We collected data through 1) a literature review of scientific and grey literature; 2) field interviews; 3) focus groups of medical professionals; and 4) online surveys as discussed in detail below. We performed comprehensive data analysis and synthesis data which included comparison with international frameworks.

To account for the quality of the literature review, interviews and FGs, we applied ‘ENhancing Transparency in REporting the synthesis of Qualitative research’ (ENTREQ) [37] (see: https://osf.io/b2yeh/); and ‘COnsolidated criteria for Reporting Qualitative research (COREQ; Tong 2011) [38] (see: https://osf.io/wdjax/). Triangulation was based on a variety of researchers; various data sources (also reflecting diverse stakeholders); comprehensive data analysis through open coding; and iterative axial coding, and data synthesis [36, 39, 40]. Our main data sources comprised: literature; interviews’ and FGs. We deliberately choose not to include, in these date sources, literature or expertise from outside the Netherlands. Since our objective was to develop a national ML framework (i.e., contextually appropriate to the characteristics of the Dutch culture, health system, healthcare field and its professions) we exclusively used Dutch (oriented) publications and sought for interviewees and participants working in Dutch healthcare (organizations). In a final phase, we did however compare a pre-final version of the framework with existing non-Dutch frameworks.

To ensure high validity of our analysis we deployed: individual data analysis by researchers; iterative cross-checking of results and open plenary discussions and consensus procedures; structured debriefing; audit trailing and logging; and nonvoting researchers: to expedite consensus forming or to resolve slight differences (WK or CW) [41,42,43,44].

Literature review

To assure appropriate data interpretation and optimal reflection of the relevant needs in the Dutch healthcare system, and to focus on outcome abilities, we chose to include both ‘white’ as well as ‘grey’ literature in our review [21, 45]. Following the guidelines for Cochrane Reviews, in- and exclusion criteria for ‘white’ sources and defined search terms were determined (Table 2) [45, 46]. To validate accuracy, the search strategy was verified with a similar prior review [13]. We applied a sensitivity-maximizing approach using EMBASE and MEDLINE data bases [45]. ‘Grey’ literature included records retrieved from: researchers’ private libraries; consultations with topic experts; databases of relevant websites (e.g., government policy reports; medical association database); and online (GoogleScholar™) searches, using various search terms (see: https://osf.io/kh2vx/).
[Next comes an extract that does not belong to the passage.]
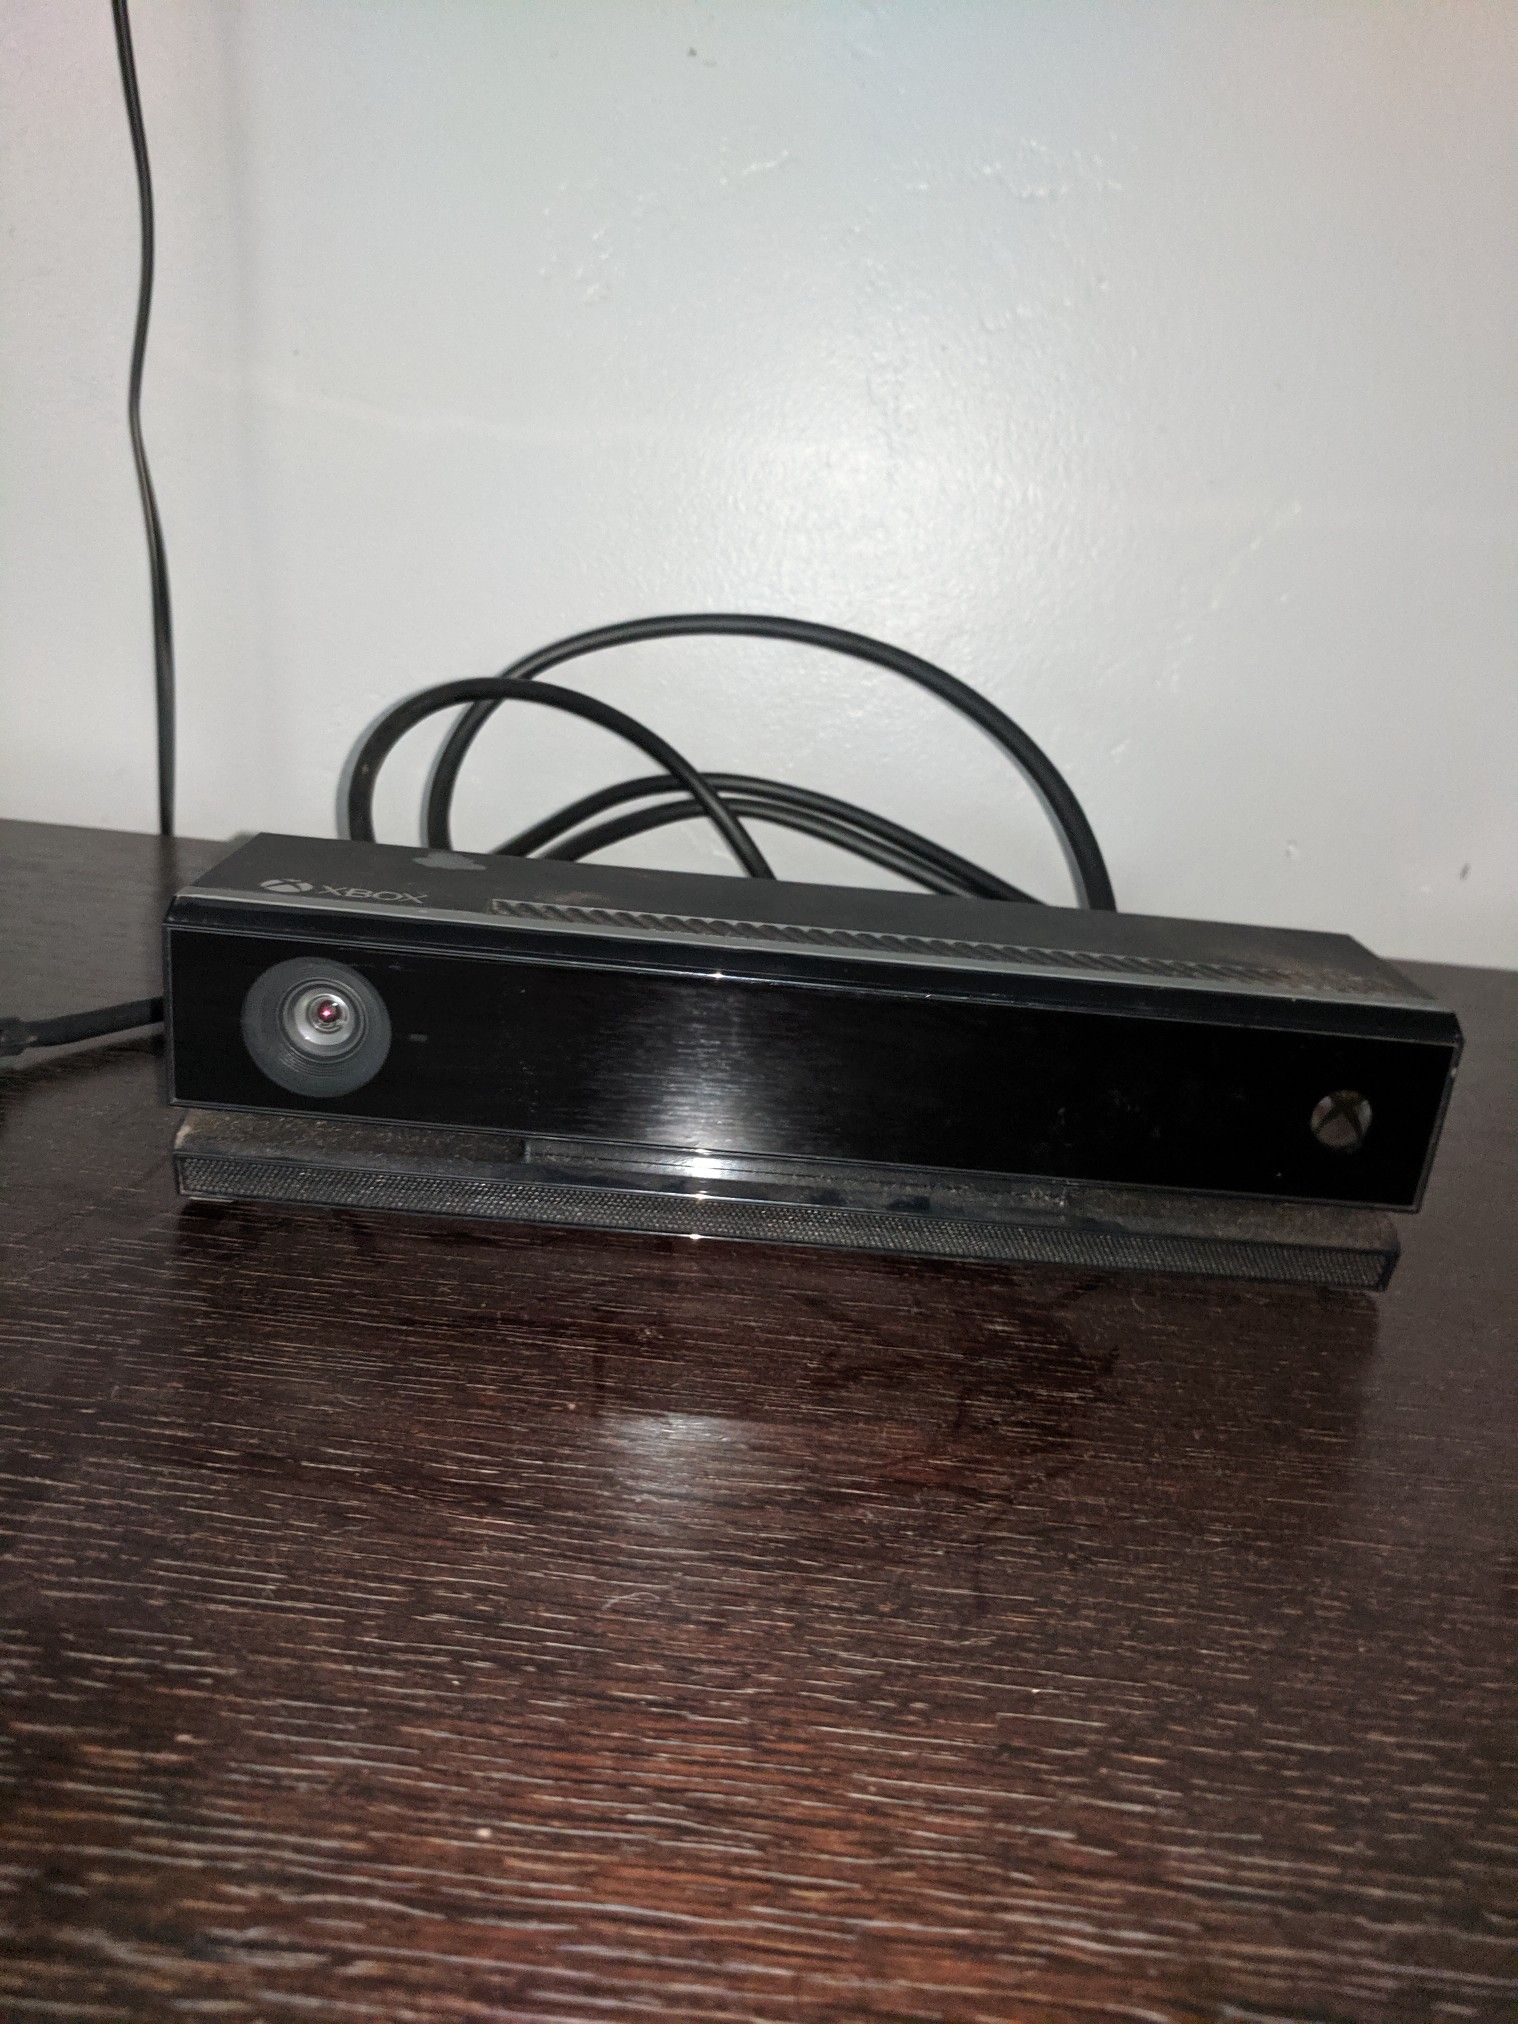 XboxOne Kinect Sensor

Inclusion-exclusion analysis resulted in a total of 67 records that were coded (Fig. 3). One Flemish paper was deemed generalizable to the Dutch context [47*] (Tables 3 and 4). The 26 included ‘white’ records reflected five fields: improvement and innovation (8); training and education (6); administration and policy issues (5); integrated care and multi-disciplinary disease management (4); and human resources (3). The heterogeneity of the included ‘grey’ records’ content disallowed similar categorization.
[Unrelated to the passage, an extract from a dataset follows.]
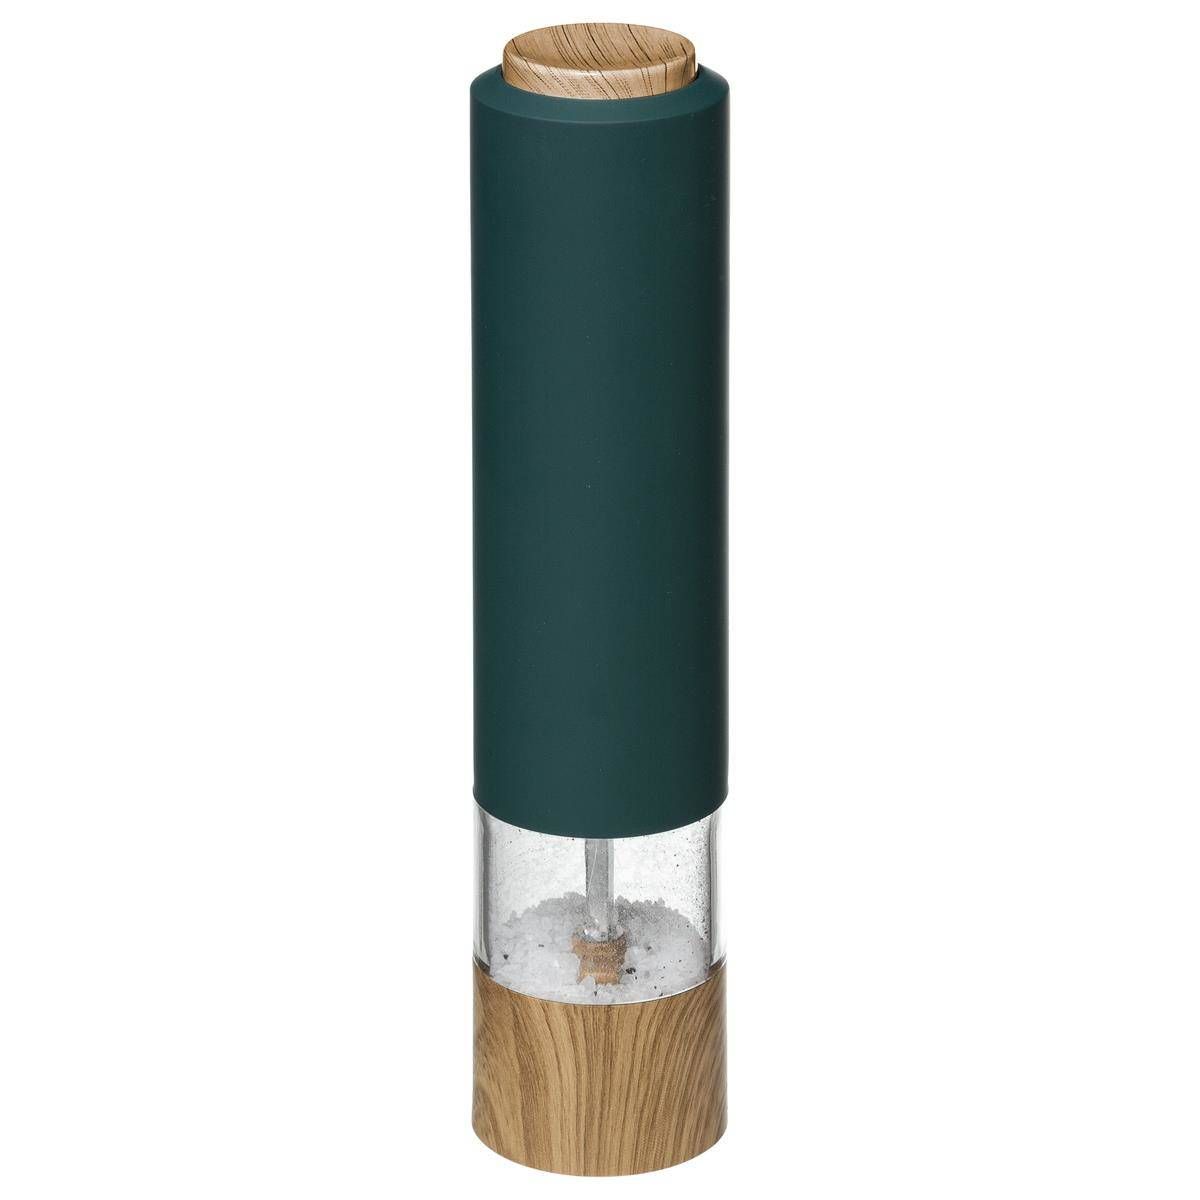 5five Simply Smart Elektrický mlýnek na sůl a pepř, mořská zelená barva - EDAXO.CZ s.r.o.

Table 2 In- and exclusion criteria for literature selection
Fig. 3
figure 3

Literature review diagram

Table 3 Characteristics of the included ‘white’ literature
Table 4 Characteristics included in the ‘grey’ literature

The researchers assessed, in pairs, all the records’ titles and abstracts for eligibility; after an individual pre-assessment, both researchers convened for a discussion, and eventually reached a consensus on the initial ‘white’ literature inclusions. A review of a selection of included papers by selected international topic experts confirmed the search accuracy. Full-text eligibility was also assessed in pairs. ‘Grey’ literature inclusion followed a similar eligibility process. To increase sensitivity, in- and exclusion criteria were adjusted based on initial findings: a process called ‘niche shaping’Footnote 6 [73]. During this process of fine-tuning criteria, it became apparent that publications mentioning ‘leadership’ (or related search terms), often entailed studies on clinical enquiries, not explicating meaning or use of ML in any form, resulting in the final set of criteria. Backward citations or ‘snowball’ searches were performed on all the included ‘white’ and ‘grey’ records to complete the search.
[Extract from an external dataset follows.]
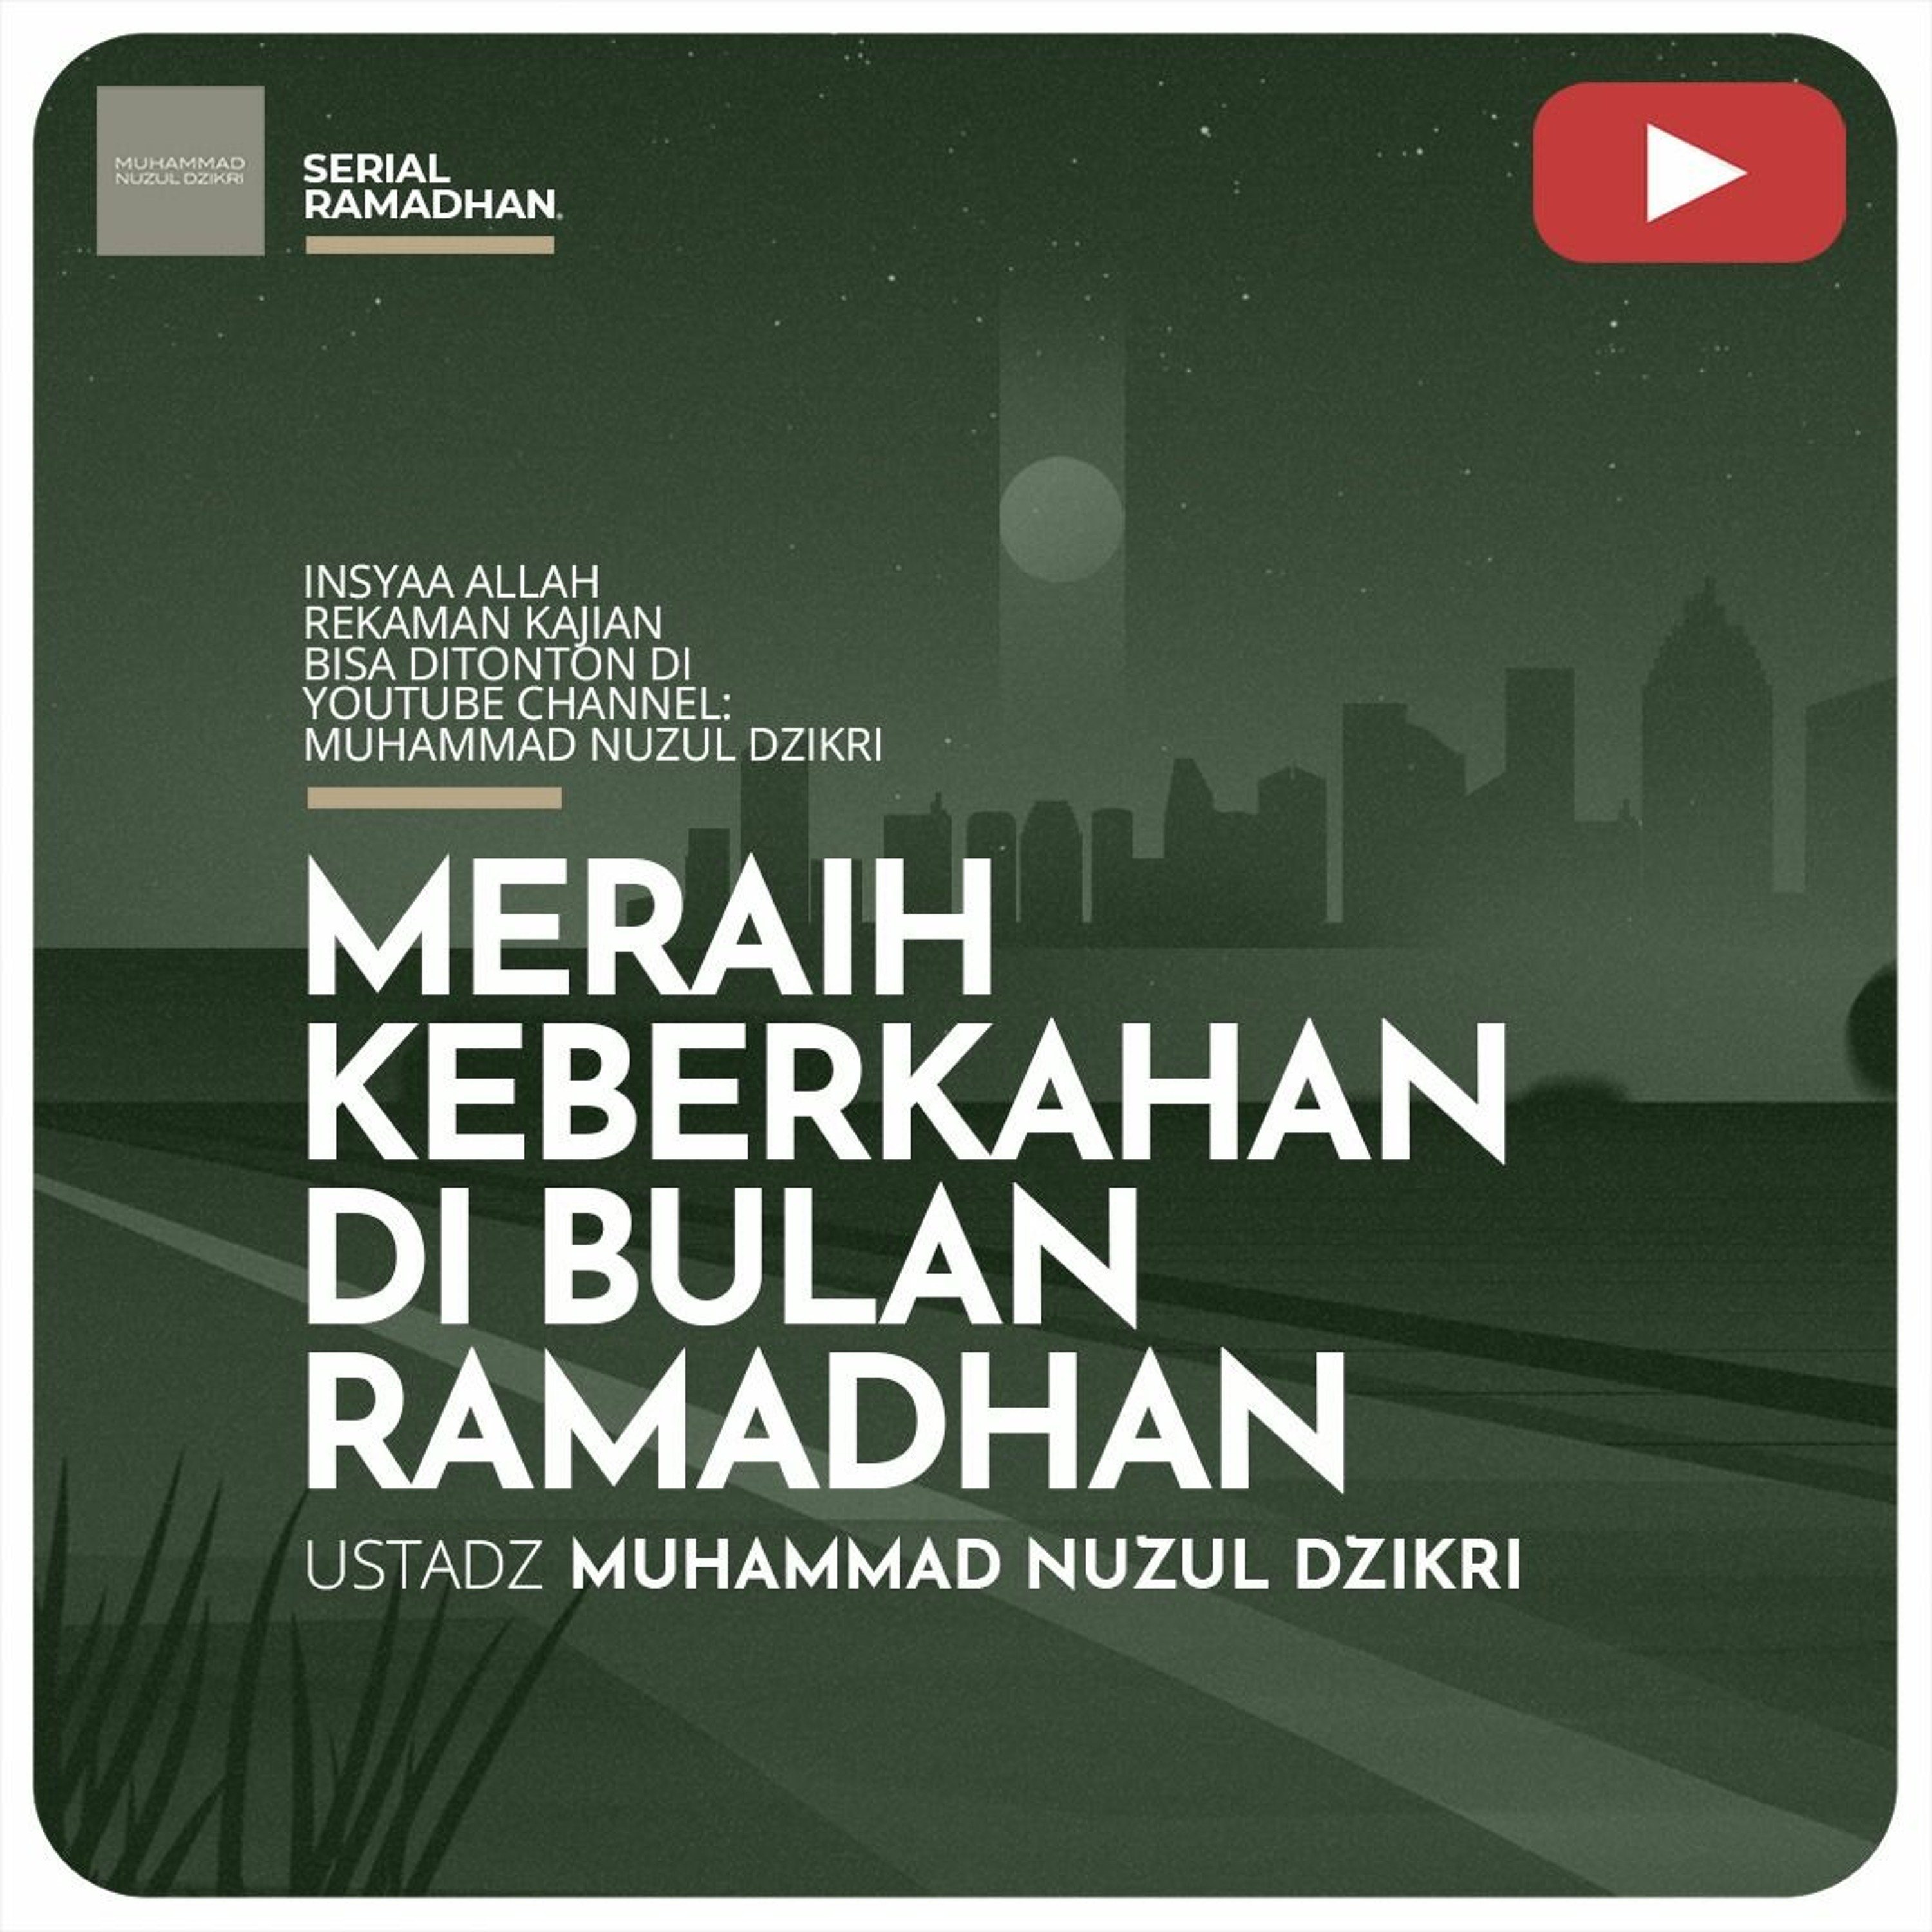 Serial Ramadhan 11. ”MERAIH KEBERKAHAN DI BULAN RAMADHAN” - Ustadz Muhammad Nuzul Dzikri

To limit inter-coder bias and to increase reliability, subsequent open coding was also done by the researcher pairs. They analyzed all the included literature, first individually, then by convening to discuss: intermediate results; definition or adjustment of coding terms; and eventual consensus. Coded text fragments were recorded in a data base (Microsoft™ Excel) based on the data extraction questions and quality using: a) an adapted version of the JBI-QARI quality checklist [74]; and b) the American Association of Critical Care Nursing levels of evidence [75] (see: https://osf.io/r8ucj/).

Although none of the included records disclosed explicit descriptions of ML competencies or an explicit definition of ML, they all provided features of ML’s concept. Eventually, during three interactive sessions and using visual materials (cards with quotations, representing codes), we performed axial coding, and iteratively composed sets of interrelating codes, categorizing the 208 coded fragments into 14 competence themes (Table 5).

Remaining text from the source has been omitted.